--- EXERCISE PROMPT ---
You are asked to repeat the listing word for word and to leave out its pictures.

--- RECORDED INFORMATION ---
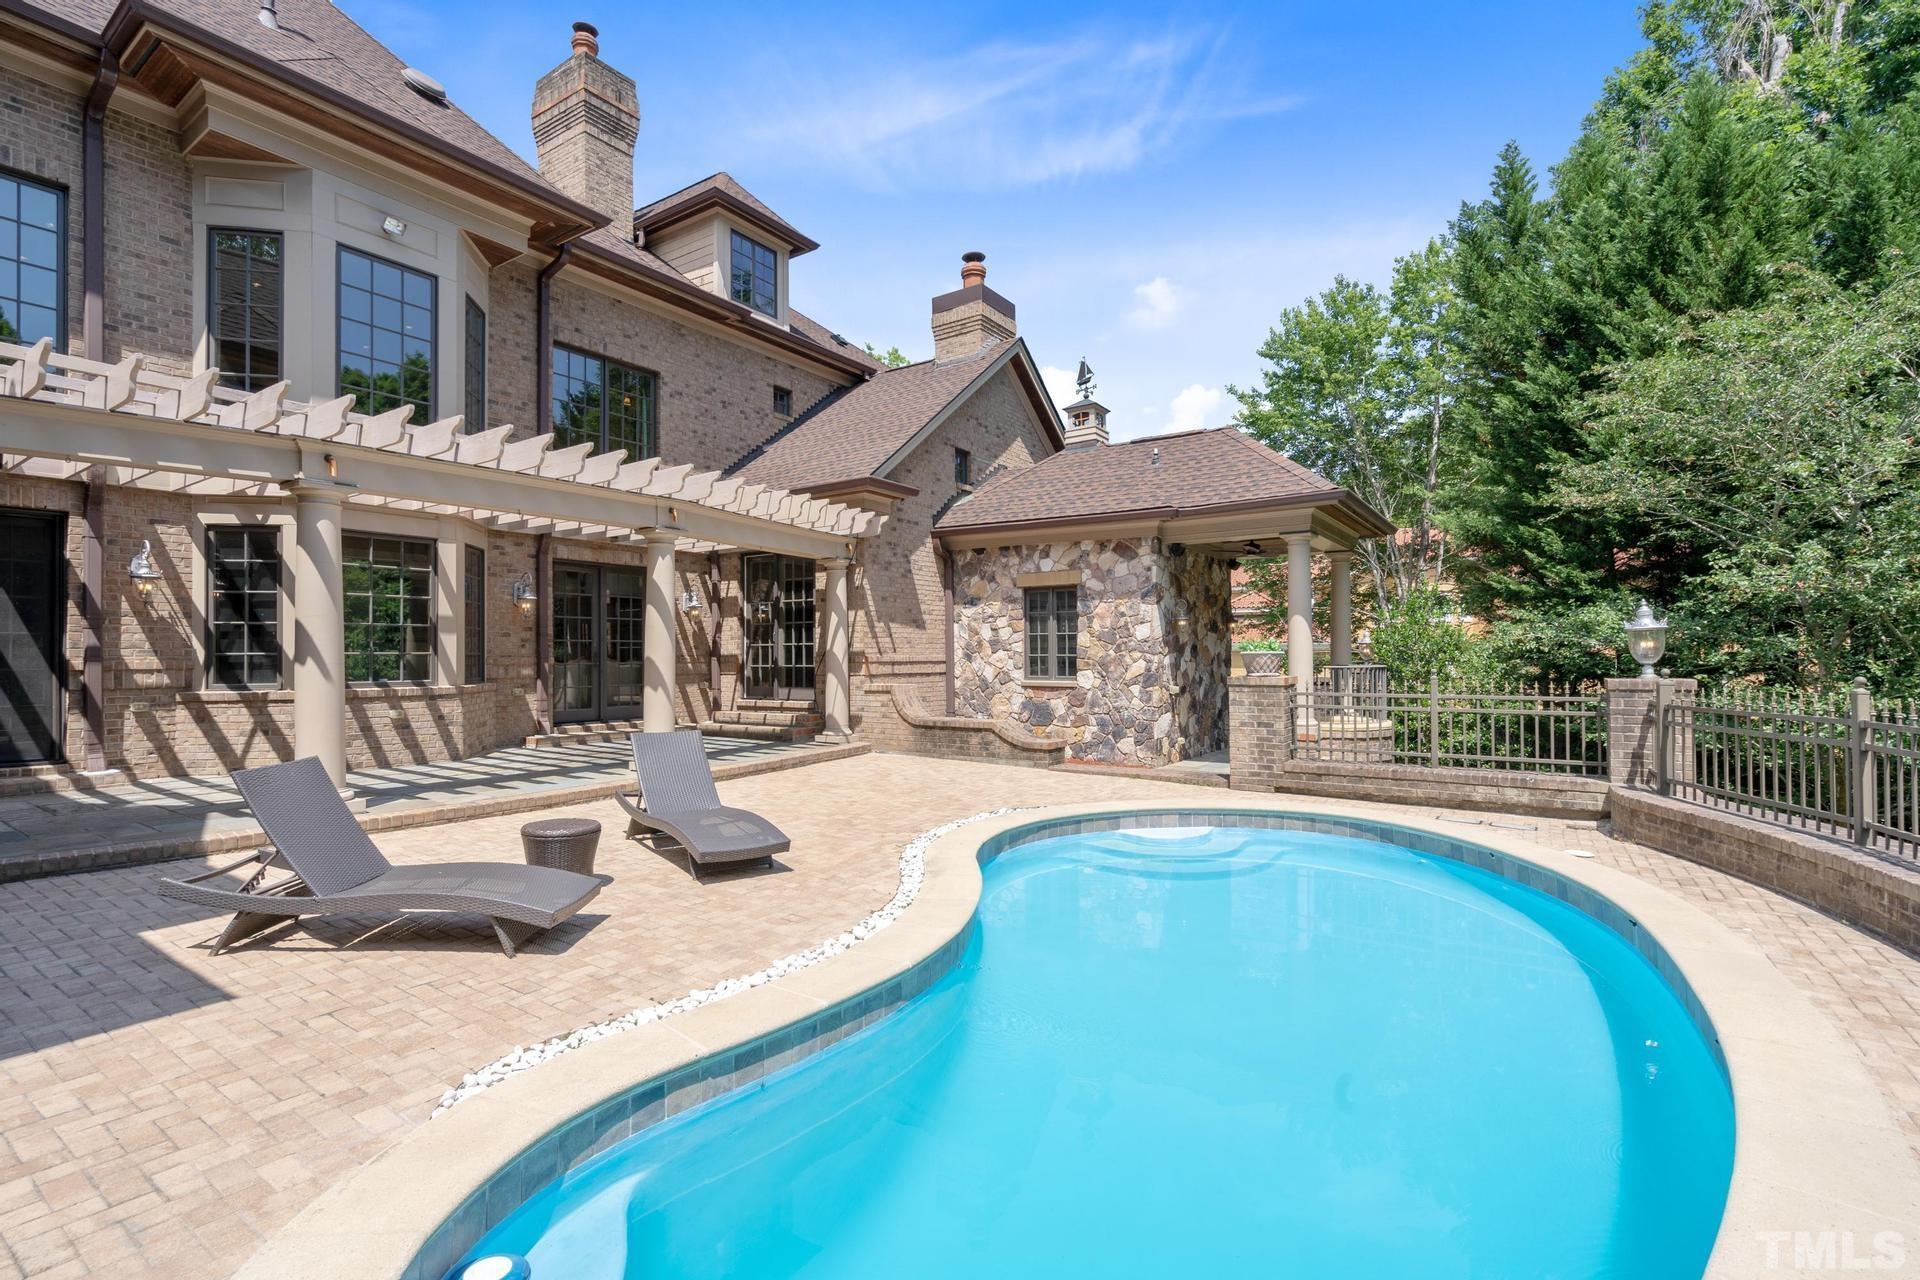 Plenty of sunning space on the bricked pool deck for your many summer pool parties & cookouts are easy with a gas line for the grill. Pool is heated & has lights. Notice the beautiful pergola that adorns the back patio and the fountain on the wall!
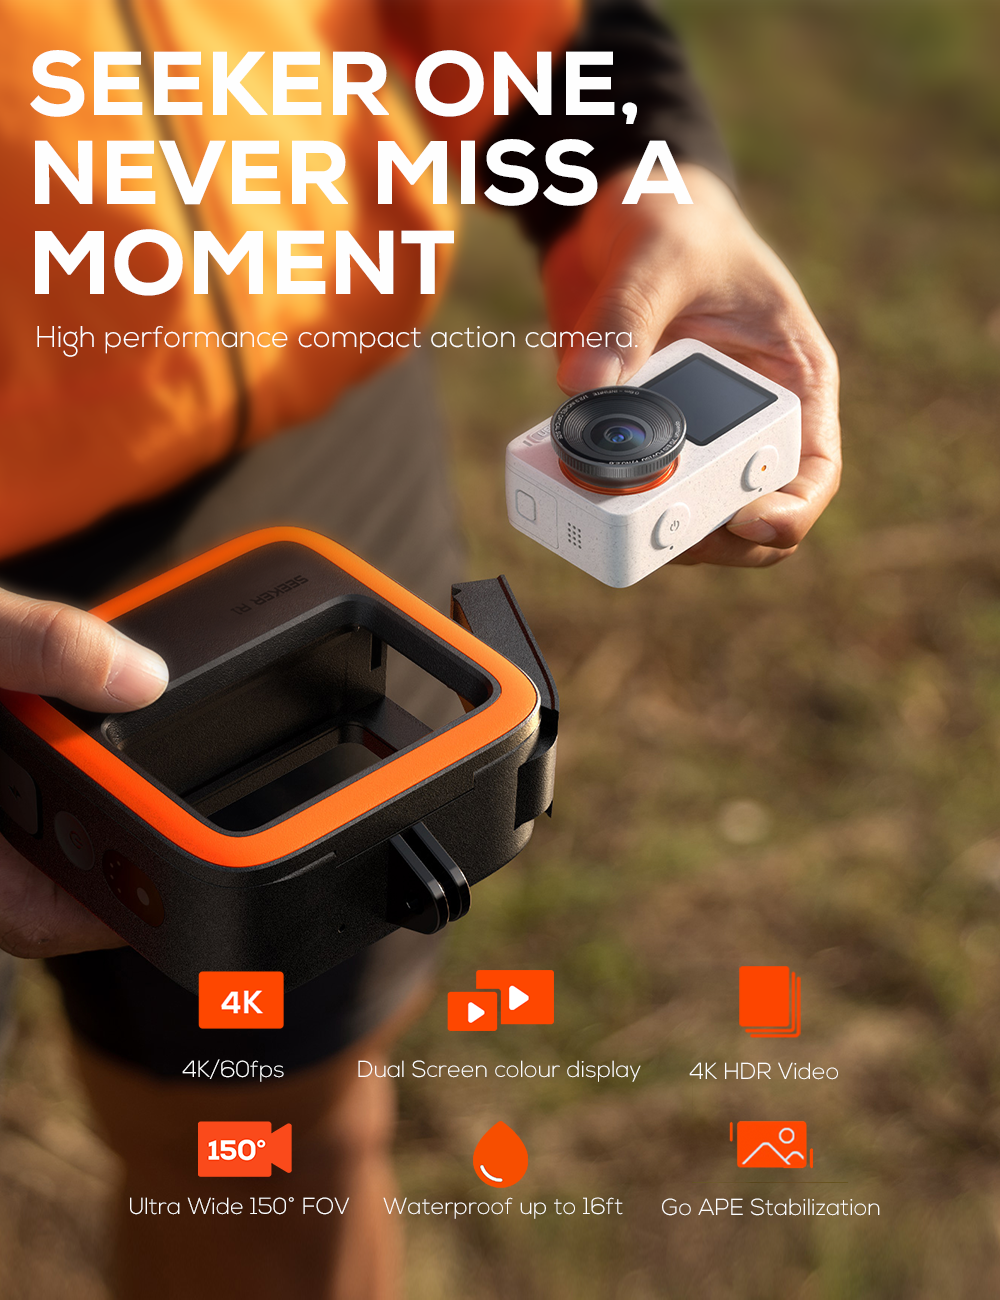 SEEKER ONE Action Camera
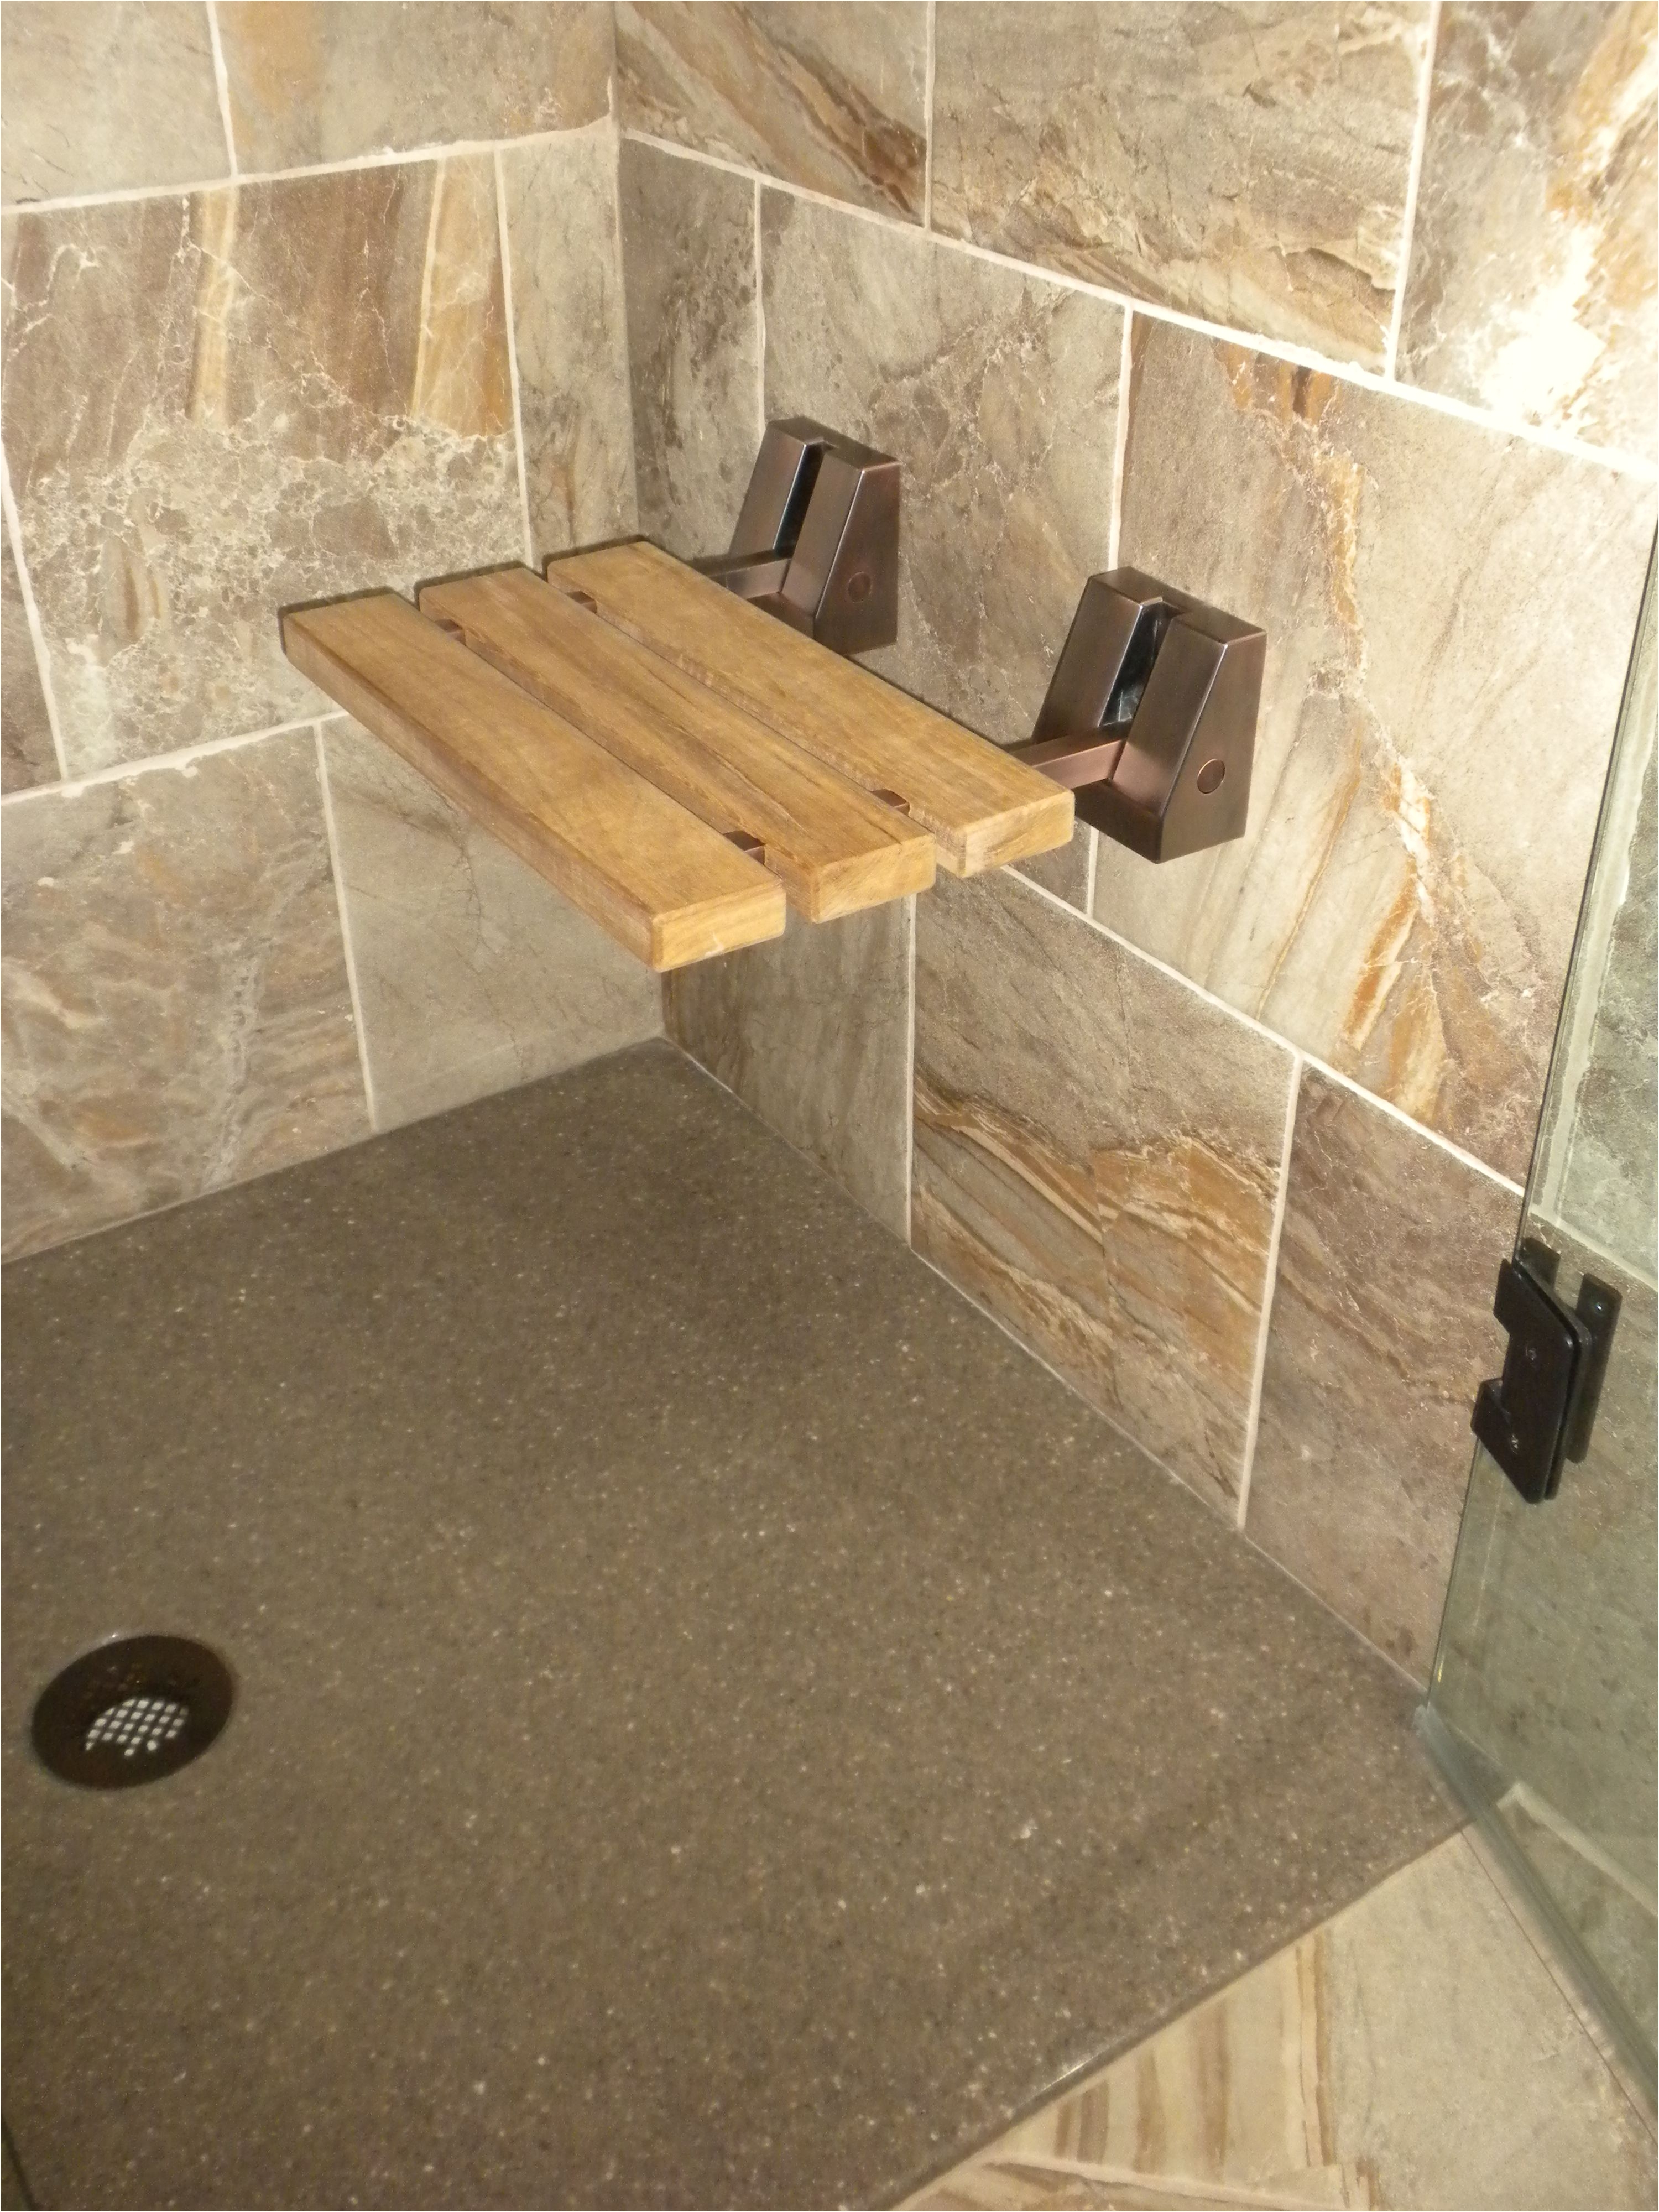 fold away shower seats offer flexibility and save space teak shower seat onyx

--- EXERCISE ANSWER ---
 Plenty of sunning space on the bricked pool deck for your many summer pool parties & cookouts are easy with a gas line for the grill. Pool is heated & has lights. Notice the beautiful pergola that adorns the back patio and the fountain on the wall!
 SEEKER ONE Action Camera
 fold away shower seats offer flexibility and save space teak shower seat onyx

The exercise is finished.